To confirm detectors fire, trigger a tool loop:
await dt.run("my-ts-agent", { model: "gpt-4o", tools: ["web_search"] }, async (run) => {
for (let i = 0; i < 5; i++) {
run.llmCalled("gpt-4o", 200 + i * 50);
run.llmResponded({ finishReason: "tool_calls" });
run.toolCalled("web_search", { query: "same query every time" });
run.toolResponded("web_search", true, 256);
}
run.finalAnswer();
});
This triggers TOOL_LOOP (same tool ≥3 times in a 5-call window). The signal should appear in the dashboard within ~15 seconds.
7. Deploy markers
Fire-and-forget deploy markers let the dashboard overlay release boundaries on detector rate charts.
dt.markDeploy("my-ts-agent", "v1.4.2", { commit: "abc123f", environment: "production" });
8. Manual client (no npm)
If you prefer not to use npm, a self-contained client can be copied into your project. The npm package is recommended — it adds background buffering, dt.tool(), dt.trace(), getCurrentRun(), and dt.markDeploy().

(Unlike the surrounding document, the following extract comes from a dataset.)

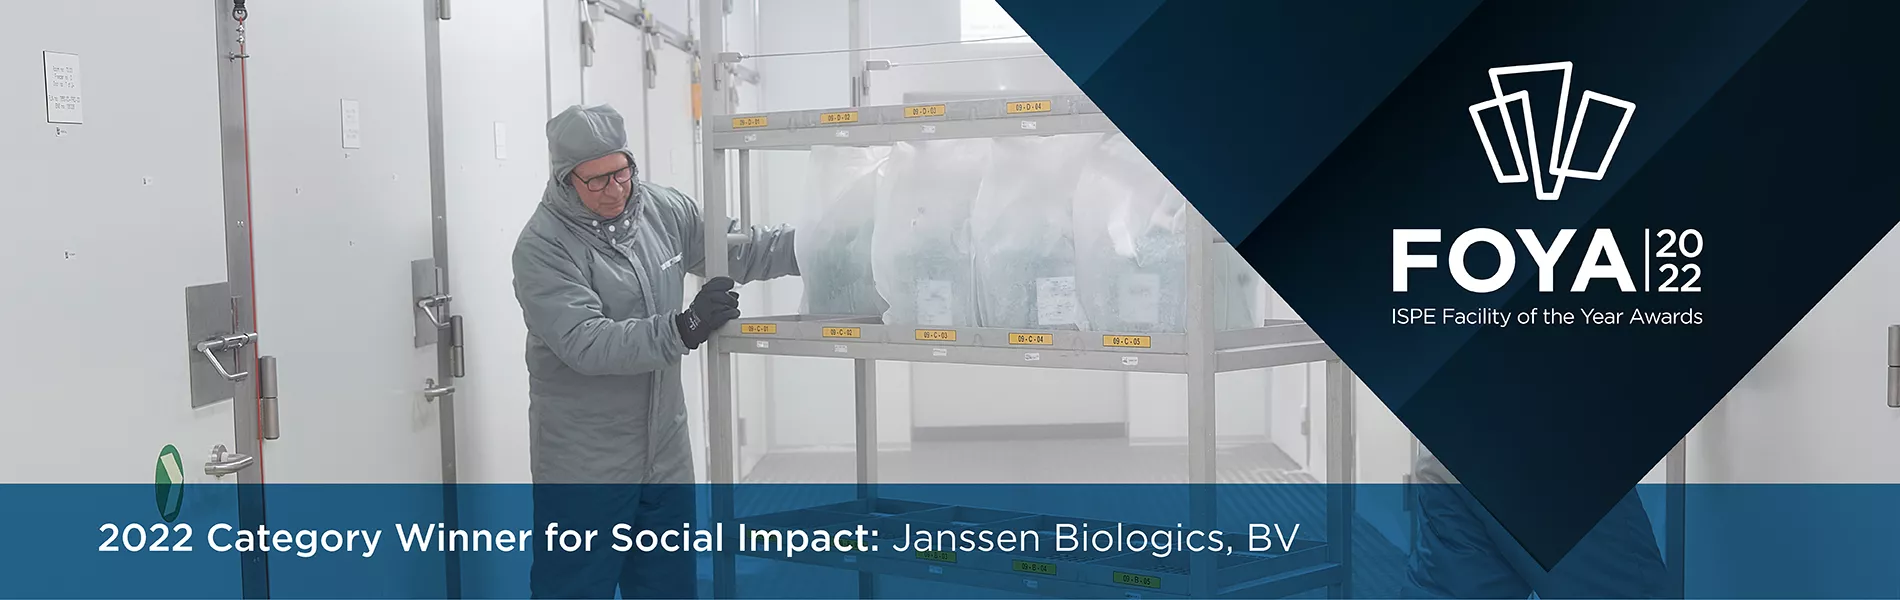 2022 Category Winners for Social Impact: Janssen Biologics

The manual client sends all events synchronously at run completion.
See the full manual client source in the GitHub docs.
RunContext API reference
| Method | When to call |
|---|---|
run.llmCalled(model, promptTokens?) | Before each LLM API call |
run.llmResponded({ completionTokens?, latencyMs?, finishReason?, outputLength? }) | After LLM responds |
run.toolCalled(toolName, args?) | Before each tool execution |
run.toolResponded(toolName, success, outputLength?, latencyMs?, error?) | After tool returns |
run.retrievalCalled(indexName, queryHash?) | Before vector search |
run.retrievalResponded(indexName, resultCount, topScore?, latencyMs?) | After retrieval returns |
run.externalSignal(signalName, source?, meta?) | Rate limits, cache misses, upstream errors |
run.finalAnswer() | When agent produces its final output |
What is and isn't captured
Transmitted (safe metadata only): model names, token counts, latencies, finish reasons, tool names, success/failure, output lengths, retrieval index names, result counts, top scores.
Never transmitted (hashed in-process): user input text, LLM prompts and completions, tool arguments and outputs (SHA-256 hashed; raw values never leave your process), error messages.
Troubleshooting
No runs appear in the dashboard
- Check
DUNETRACE_ENDPOINTpoints to the ingest service (port 8001, not 8002). - Confirm the backend is healthy:
curl http://localhost:8001/health - Check the Node console for
[dunetrace] Failed to flush eventswarnings.
Token counts missing
Pass completionTokens and promptTokens if your LLM client exposes them — they are optional but improve CONTEXT_BLOAT and LLM_TRUNCATION_LOOP detection accuracy.
Detectors fire too aggressively
Tune thresholds in detectors.yml on the server — see the detector reference.